I arrived in Houston in 2004 with all of my Northern clichés and prejudices intact – tumbleweeds, lynch mobs, cowboy hats. On my first day in Houston, I drove to the gas station and saw my first cowboy in full regalia, and he was black. Slowly, I learned that Houston is not Texas. Lots of non-natives, like me, live here, and even natives don’t always speak with a drawl. Nor is there only one drawl. Houston now seems to me more Southern than Western (it was one of the eleven Confederate states). My neighbor John, born in Houston, punctuates his conversation unself-consciously with “y’all.” A colleague was born in the Texas Hill Country and sounds like she grew up in Pittsburgh. There is no universal Texas accent. On a typical day at work I hear more Spanish and Mandarin than down-home country English. 
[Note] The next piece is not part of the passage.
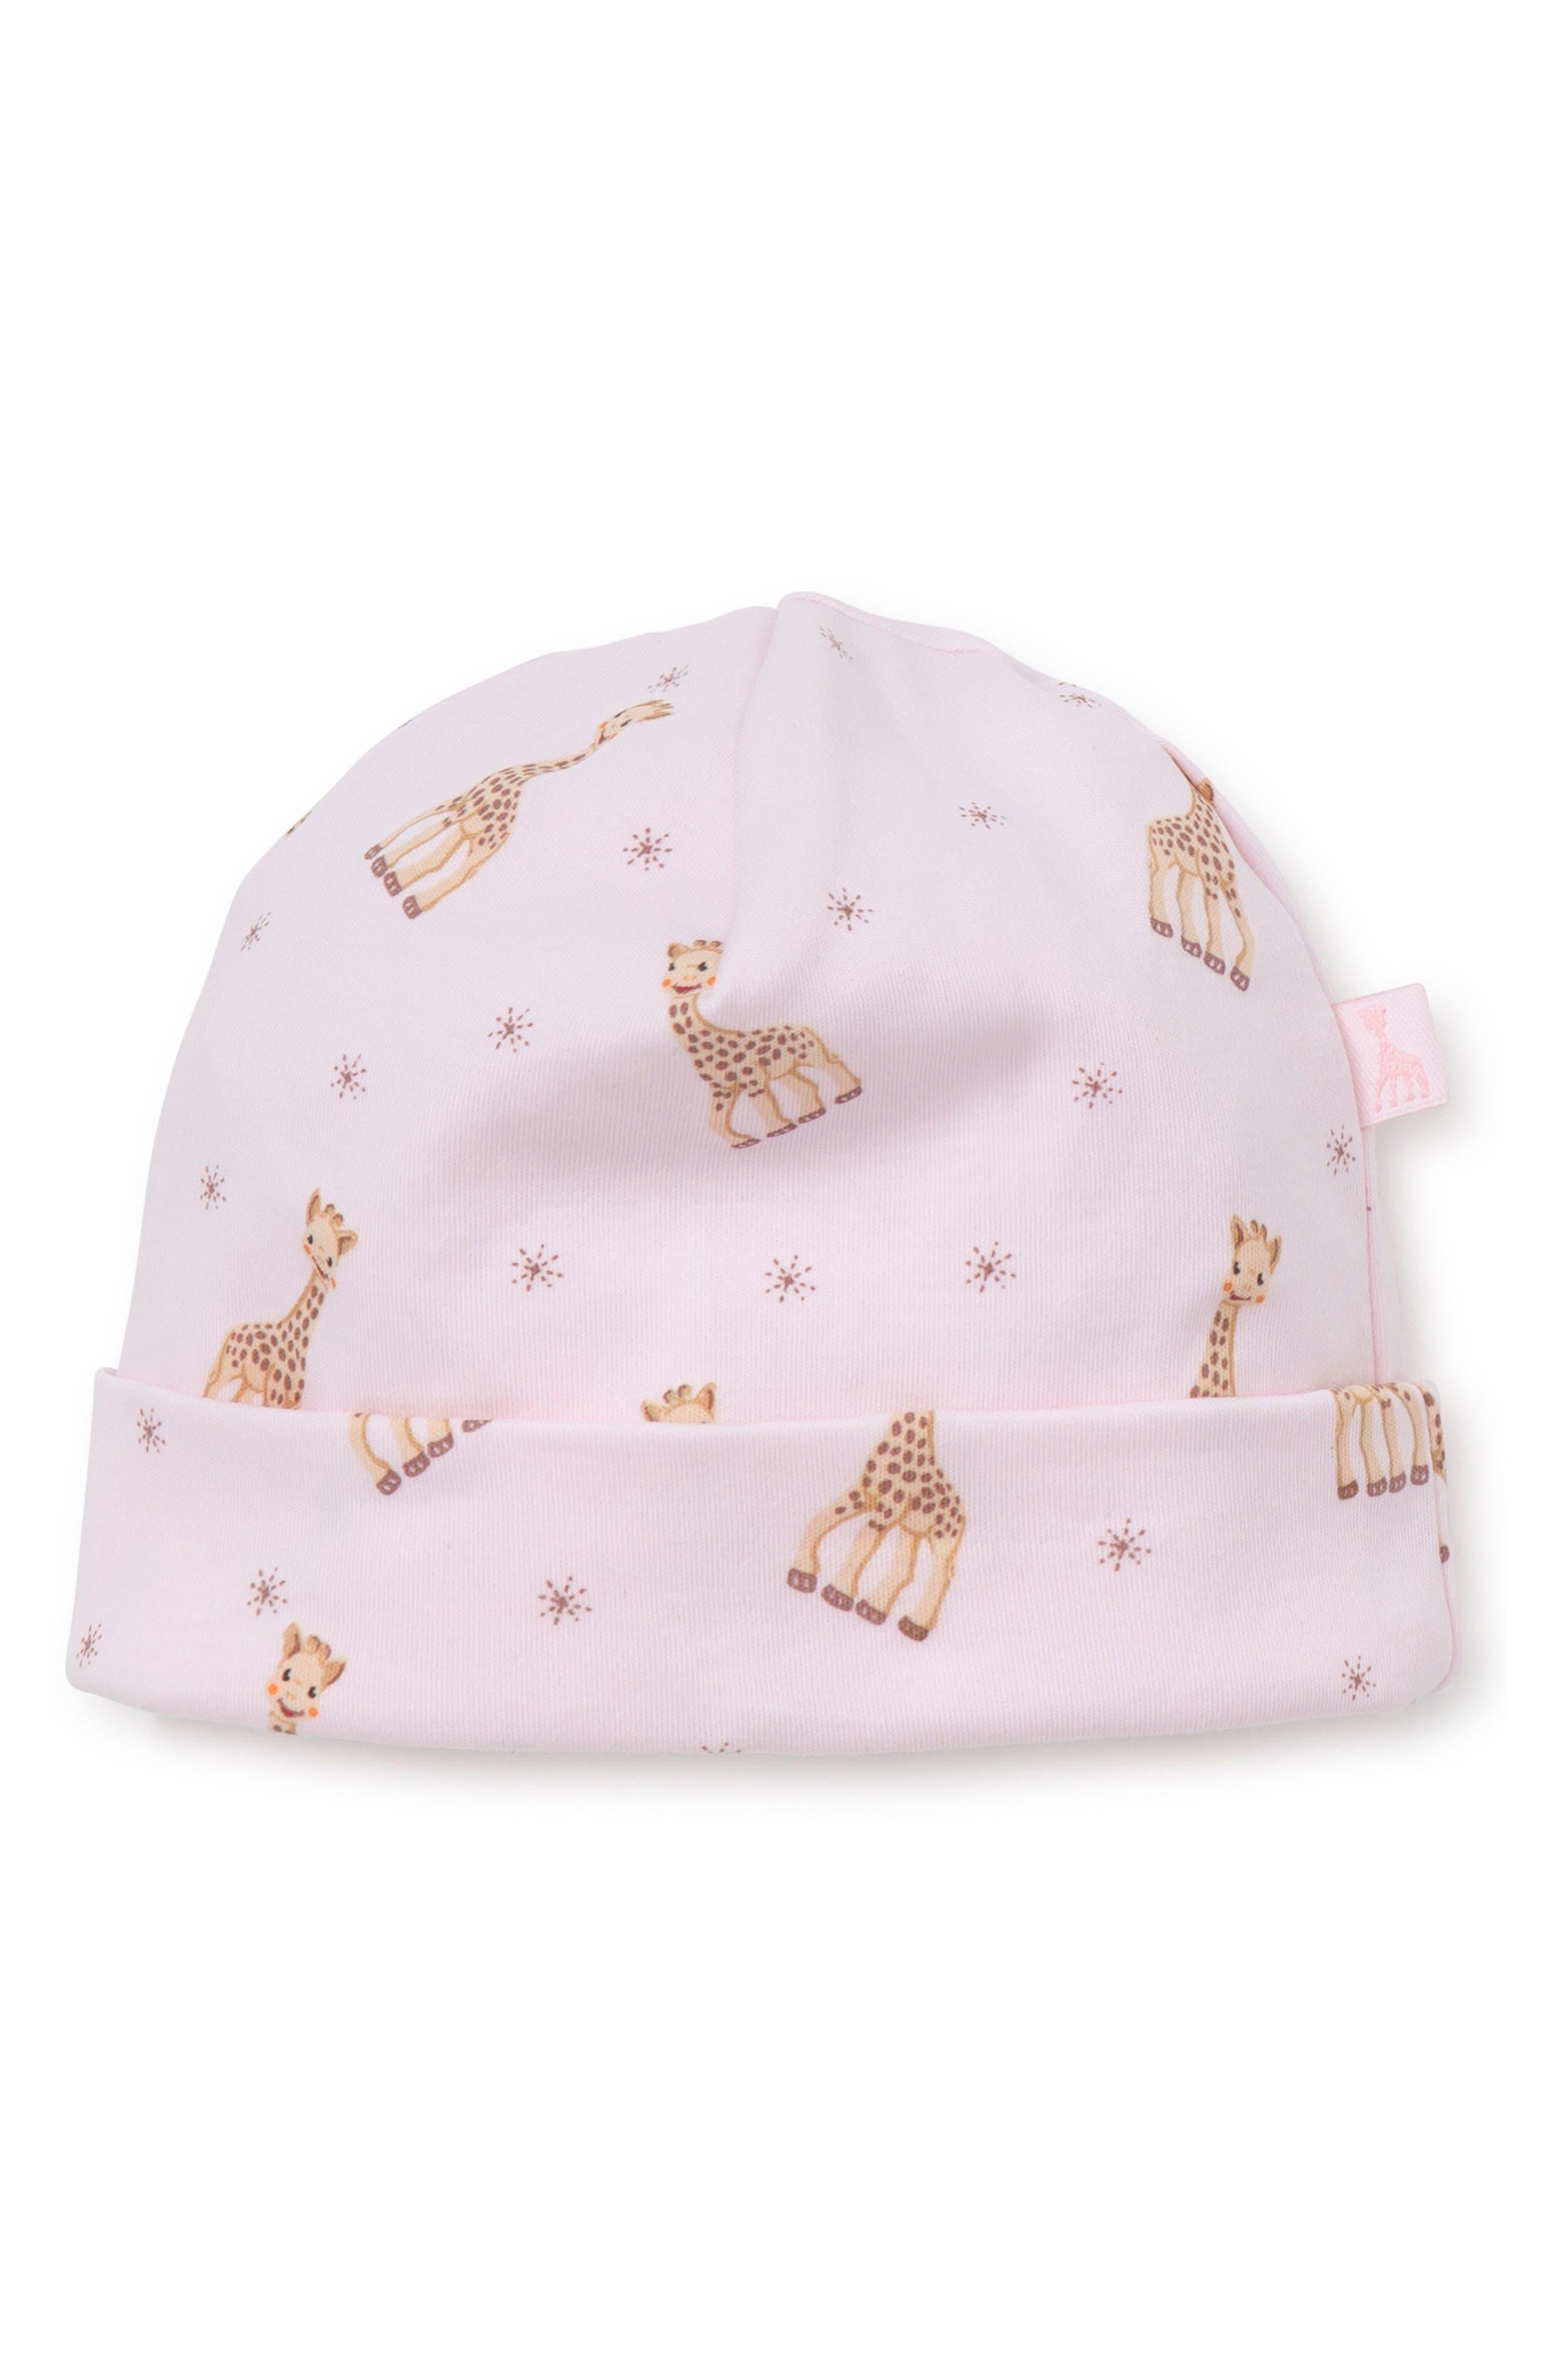 x Sophie la Girafe Beanie Hat,                         Main,                         color, PINK

I’ve been reading Turner Cassity (1929-2009) again. He was born in Mississippi and lived much of his life in Georgia, where he worked for almost thirty years for the Robert W. Woodruff Library at Emory University in Atlanta. Another, much younger poet is A.E. Stallings, born in Decatur, Ga. Cassity befriended Stallings and reviewed her second collection, Hapax (2006). Both poets share a devotion to form and craft. In her most recent collection, Olives (2012), Stallings includes “Lines for Turner Cassity”: 

“Librarian with military bearing,
You’ve left us poems critics call unsparing,

“A wit not merely clever but hard-bitten.
Sometimes I hear you utter, `overwritten,’

“And even at this distance, there’s no choice
But hear the word in that distinctive voice,

“Not circumflexing drawl, dipthonged legato,
But southern, brisk particular staccato—

“Inimitable voice—for never cruel—
Impatient only of the pompous fool

“And vagueness that gesticulates at truth.
Clear and styptic as a dry vermouth,

“You taught the courtesy of kindness meant
By shaming false and floral sentiment.

“Death’s crude arithmetic only exacts
The estimate of flesh and bone for tax;

“You it has taken—and yet misconstrued—
For it has left us your exactitude.”

There Stallings identifies the Texas quality of voice I hear most often, especially among educated people: “Not circumflexing drawl, dipthonged legato, / But southern, brisk particular staccato— / Inimitable voice—for never cruel—.” She also writes a moving and unsentimental tribute to a good poet who was her friend.